YOUR TASK: Output, exactly as written, the lines below from the one that has "Home Sale Prices" through the one that has "IVY Sunflower and"; nothing else, and no pictures.

INFORMATION PROVIDED:

---*---

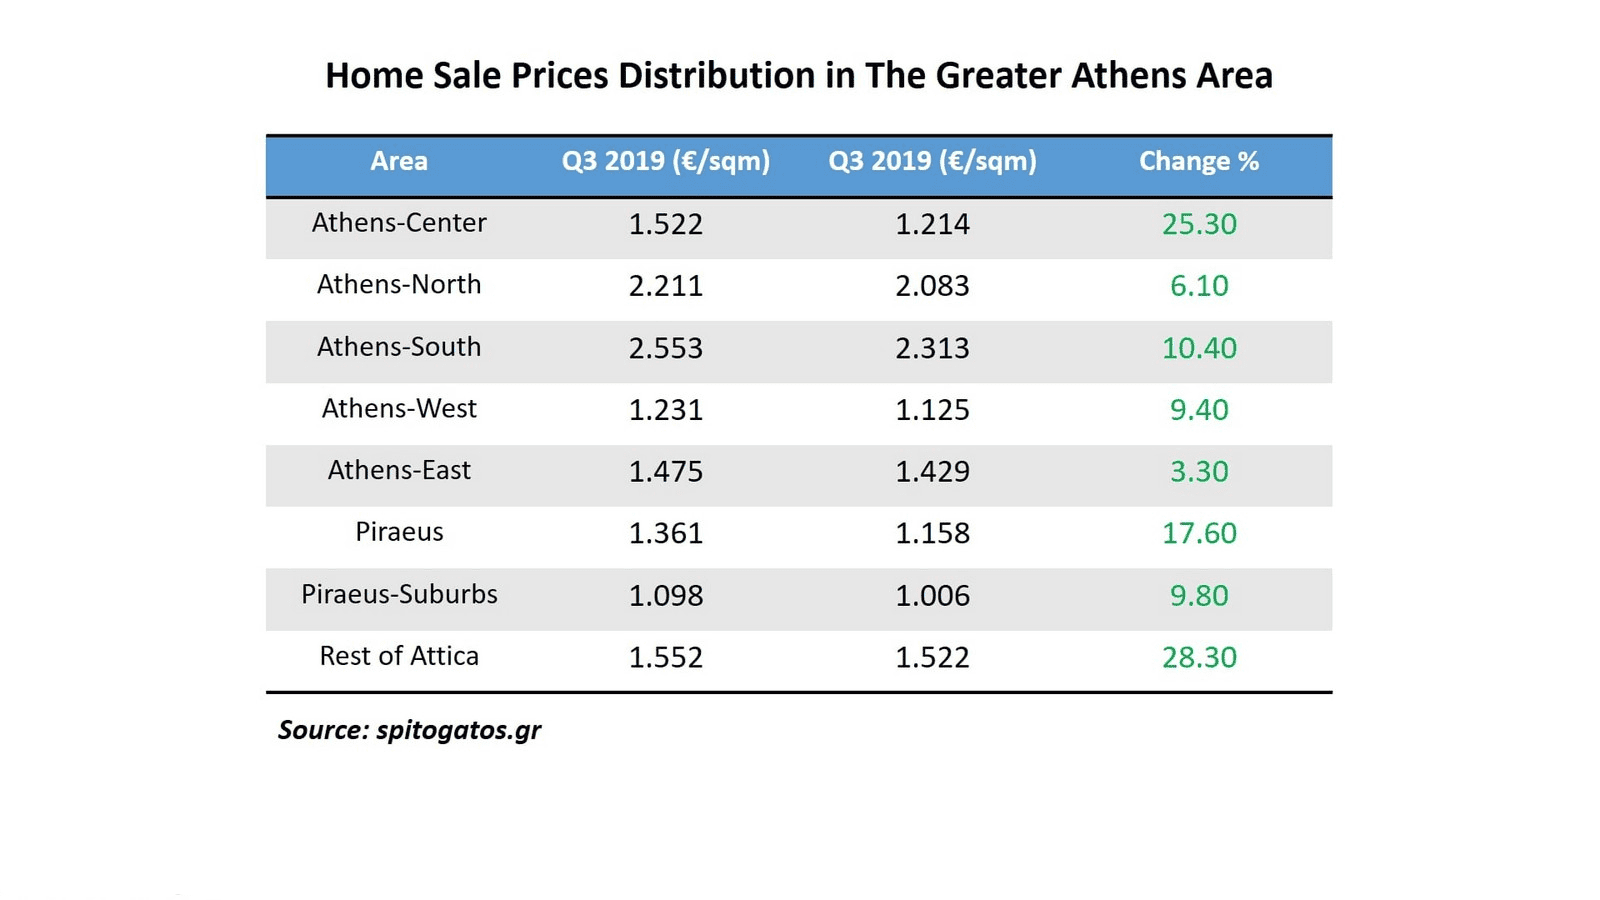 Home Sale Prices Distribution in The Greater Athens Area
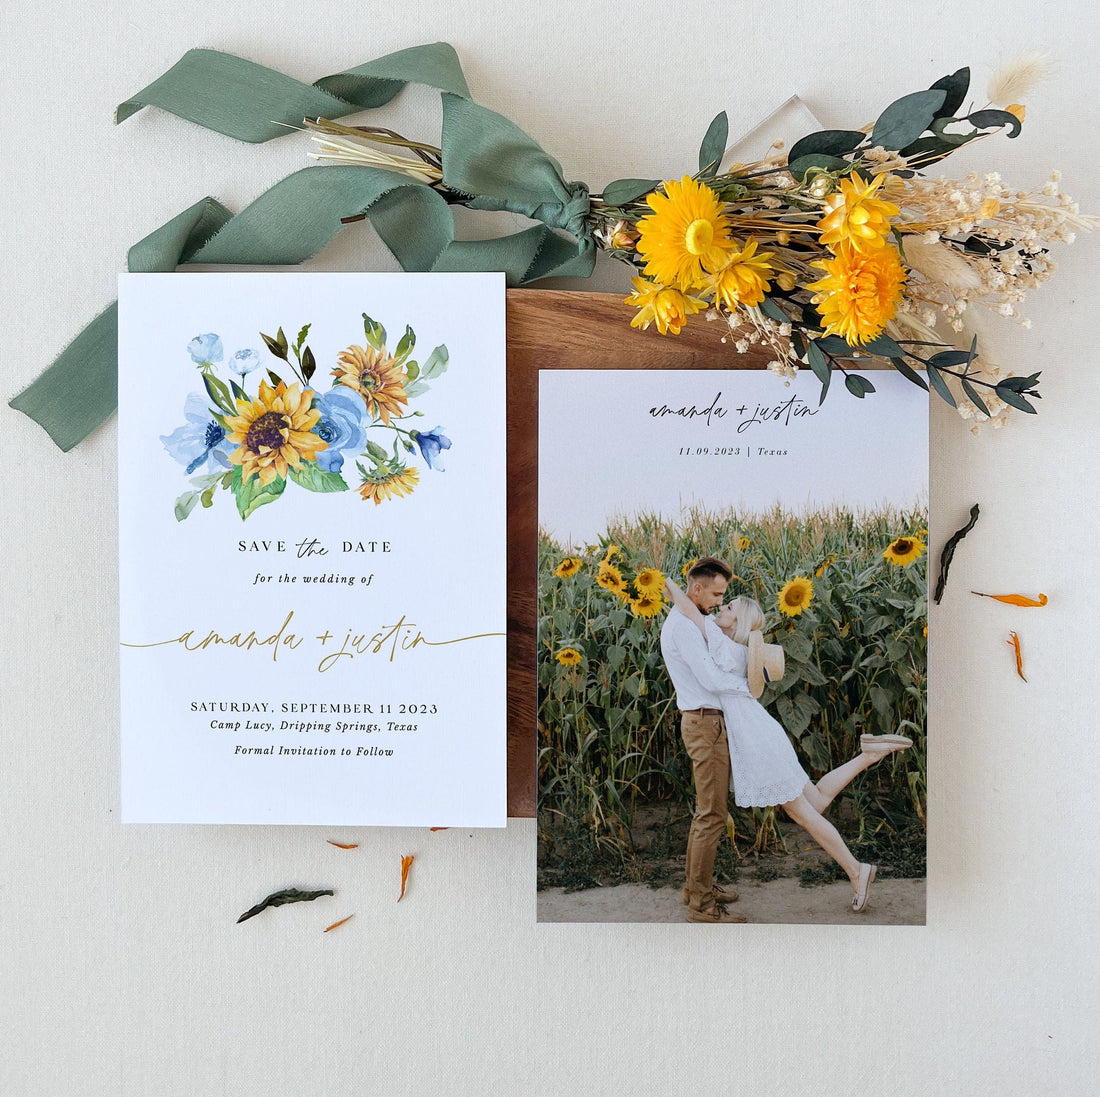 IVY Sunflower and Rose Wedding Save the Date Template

---*---

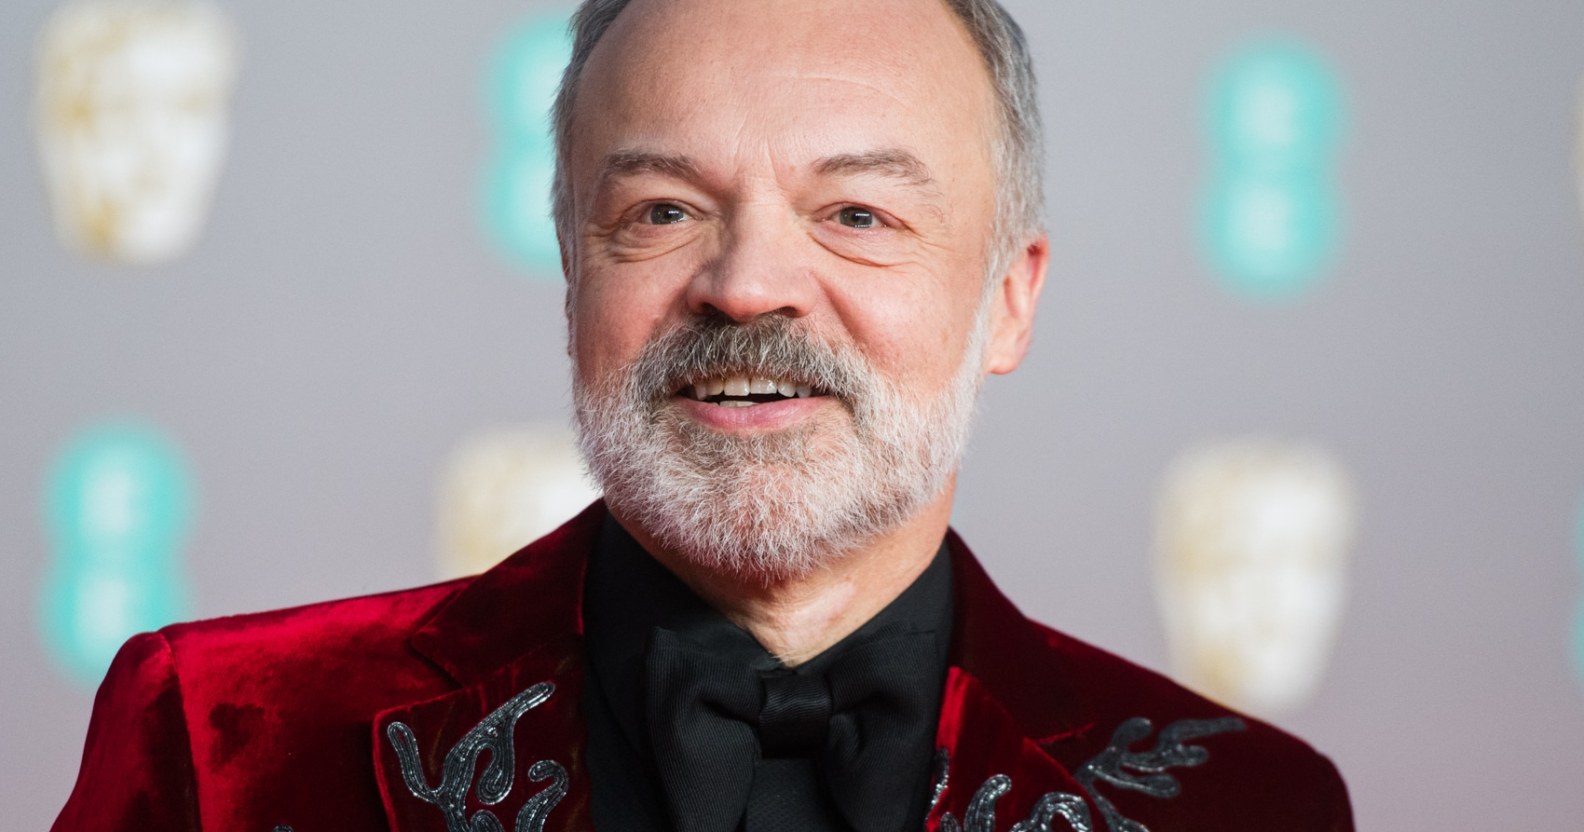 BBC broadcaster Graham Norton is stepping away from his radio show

---*---

SOLUTION BELOW:
 Home Sale Prices Distribution in The Greater Athens Area
 IVY Sunflower and Rose Wedding Save the Date Template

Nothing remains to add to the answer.